Exercise prompt:
Please repeat, exactly and without pictures, the lines of the entries below that run from the one containing "79/20 Sanflex Street, Darra, QLD 4076" through the one containing "SUZUKI V-Strom 650 ABS_1 de venta en Madrid".

Task material:
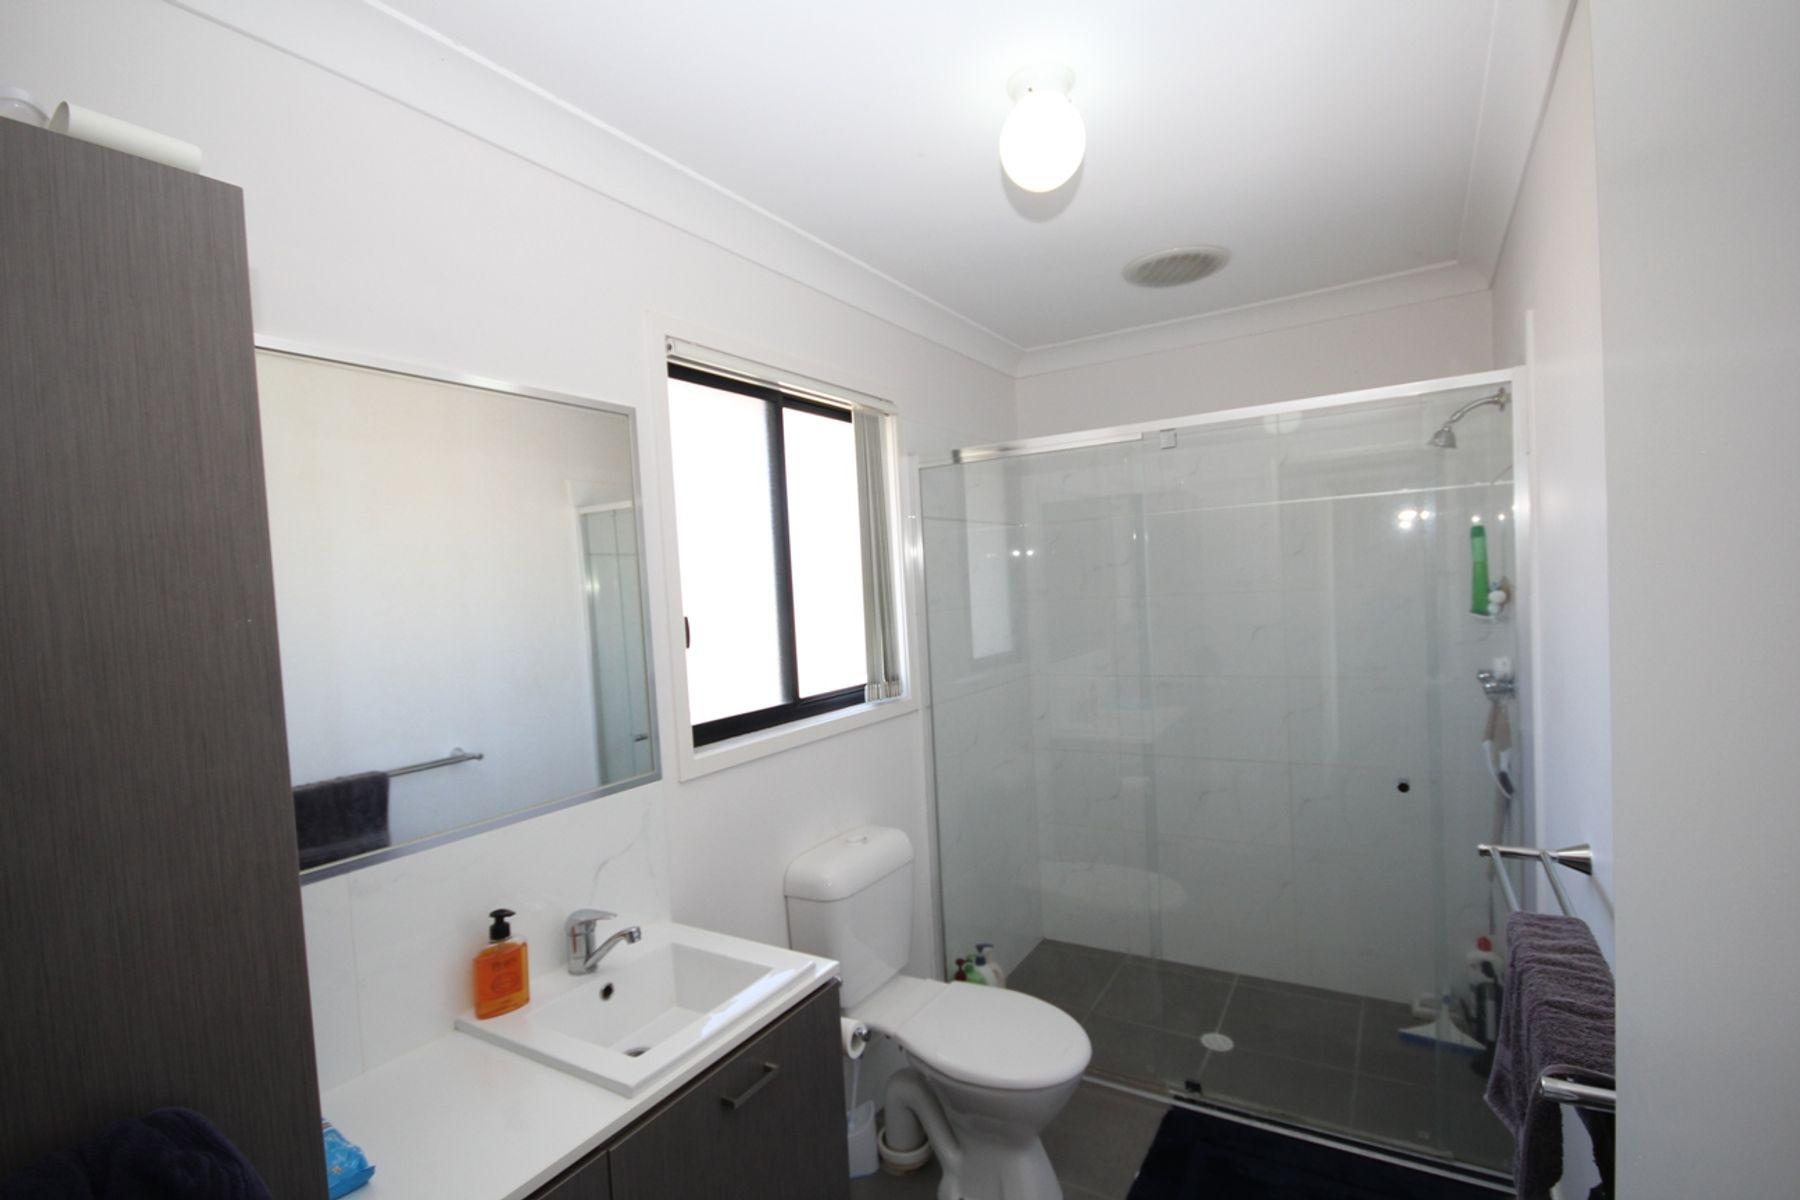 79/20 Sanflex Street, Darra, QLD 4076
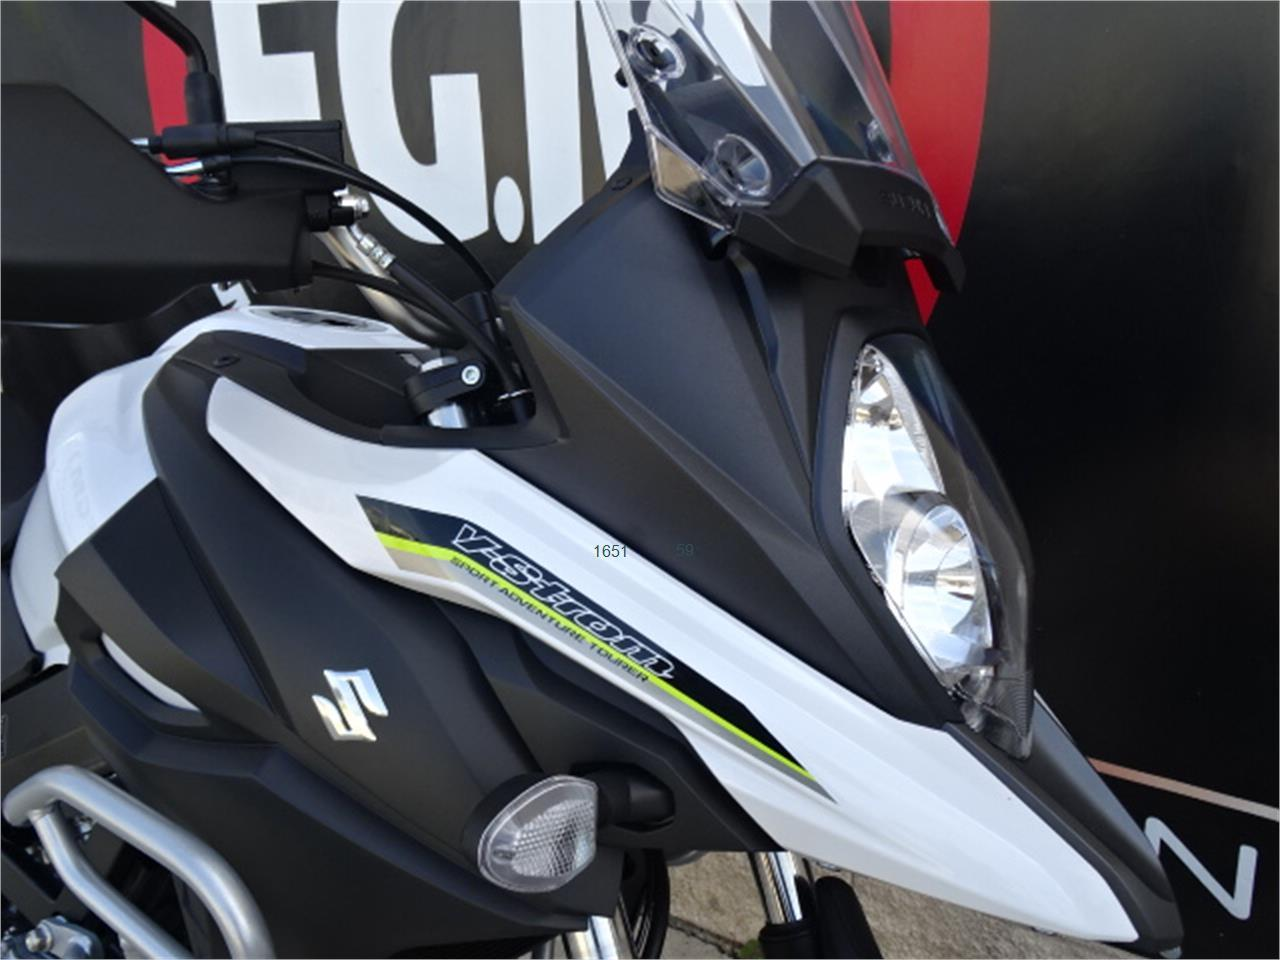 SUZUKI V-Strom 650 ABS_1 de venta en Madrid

...

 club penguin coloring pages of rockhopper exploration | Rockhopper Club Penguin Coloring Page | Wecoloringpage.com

Answer box:
 79/20 Sanflex Street, Darra, QLD 4076
 SUZUKI V-Strom 650 ABS_1 de venta en Madrid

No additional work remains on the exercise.